Bundesgesundheitsminister Karl Lauterbach (SPD) verteidigte heute diese Option. „Die Schnelltests schlagen, wenn man ansteckend ist, sehr gut an.“ Geimpfte zeigten oftmals zunächst Symptome, noch bevor sie anste­ckend seien und der Test positiv ausfalle. Andersherum sei dies aber bei Ungeimpften, dort könne die Viruslast bereits sehr hoch sein und die Menschen bereits ansteckend, bevor der Test positiv sei, erklärte Lauterbach.

Ärzteblatt-Online vom 24.08.22

Wer aber ist nun nach Sachlage zum 01.10.22, an dem die Corona-Maßnahmen-Novelle greift, „ungeimpft“? Nun hier liegt der Hase im Pfeffer. Im vorliegenden Kabinettsbeschluss wird unbegreiflicherweise von der Impfung nicht gesprochen; zumindest das Ärzteblatt berichtet hiervon nicht. Aber in dem oben bereits genannten Beitrag vom 03.08.22 wird vom Status „frisch genesen“ gesprochen. Dieser Status gelte – so Lauterbach – wie beim analogen „frisch geimpft“ für 90 Tage nach Genesung oder Impfung. Es ist unklar, ob mit der Kabinettsentscheidung dieser Passus gestrichen worden ist. Gut wäre es, denn er widerspricht der STIKO-Empfehlung, dass eine erneute (Auffrischungs-)Impfung frühestens sechs Monate nach der letzten Erkrankung bzw. Impflung durchgeführt werden sollte (schauen Sie auf Ihre Impf-App bzw. das Impf- bzw. Genesenenzertifikat!). Warum schwafelt also der Minister von „frisch Genesenen“ oder „frisch Geimpften“?

In demselben Bericht des Ärzteblattes wird Lauterbach zitiert, dass „vier neue COVID-19-Impfstoffe“ in der Pipeline seien. Diese würden zum 09.09.22 zugelassen. Die Sommergrippe der Omikron-Variante kletterte im Juni/Juli/August auf ihren Höhepunkt. Ist es Zufall, dass Menschen, die im Juni bereits „erwischt“ worden sind, dann im Oktober sich impfen lassen könn(t)en. Würde man die STIKO-Empfehlung anlegen, würden die in der „Pipeline“ sich befindenen Impfungen wohl teure Flops. Schlecht für Biontech/Moderna und andere Anbieter. Da die Impfstrategie aber eine Bundessache ist, mag sein, dass sie in der Kabinettsentscheidung noch enthalten ist, denn der zweite Ärzteblatt-Beitrag vom 24.08.22 handelte nur von Maßnahmen, die die Konfliktlinien von Bundesregierung und Bundesländern betreffen.

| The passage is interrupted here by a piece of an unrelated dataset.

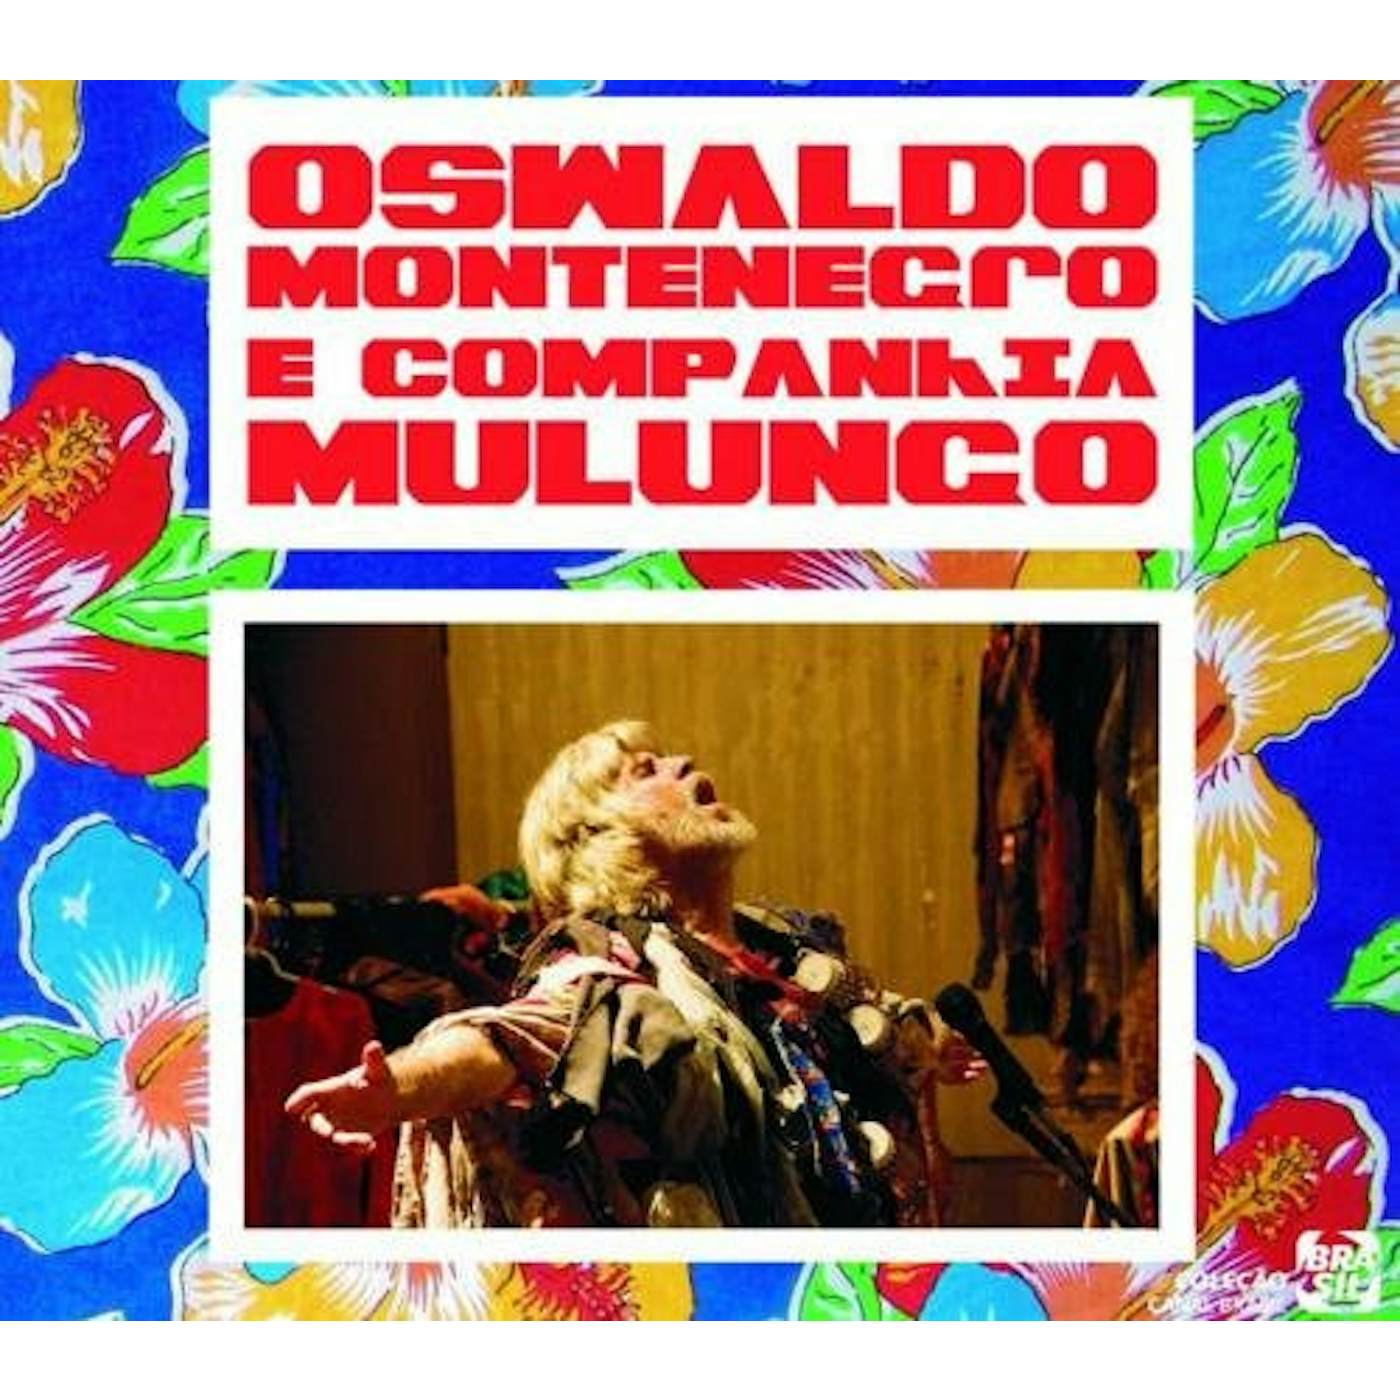 Oswaldo Montenegro COMPANHIA MULUNGO CD

Selbst wenn die Lauterbach’sche Impfeempfehlung nur ab 70 Jahre gelten sollte, wie Ulrike Blaureithel im Freitag vom 11.08.22 berichtet und kritisiert, macht es die Sache nicht besser. Hier gilt es nachzuforschen.

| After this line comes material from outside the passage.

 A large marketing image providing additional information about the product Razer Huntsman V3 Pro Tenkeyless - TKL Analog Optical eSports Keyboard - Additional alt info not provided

Abschließend lässt sich resümieren, dass sich – erneut – die Strategie verdichtet, dass „Ungeimpfte“ wieder die Buhmänner und -frauen werden. Nur dass diesmal bereits drei Mal Geimpfte und Genesene mit dran sind. Anders gefragt: wer schreibt eigentlich die Corona-Maßnahmen-Agenda? Der medizinisch-industrielle Komplex oder neutrale (sofern es die noch gibt) Gesundheitsfachleute? Ich weiß es (noch) nicht. Aber ich habe meine Zweifel an der Prärogative des Bundesgesundheitsministers und seines justitiellen Kumpanen.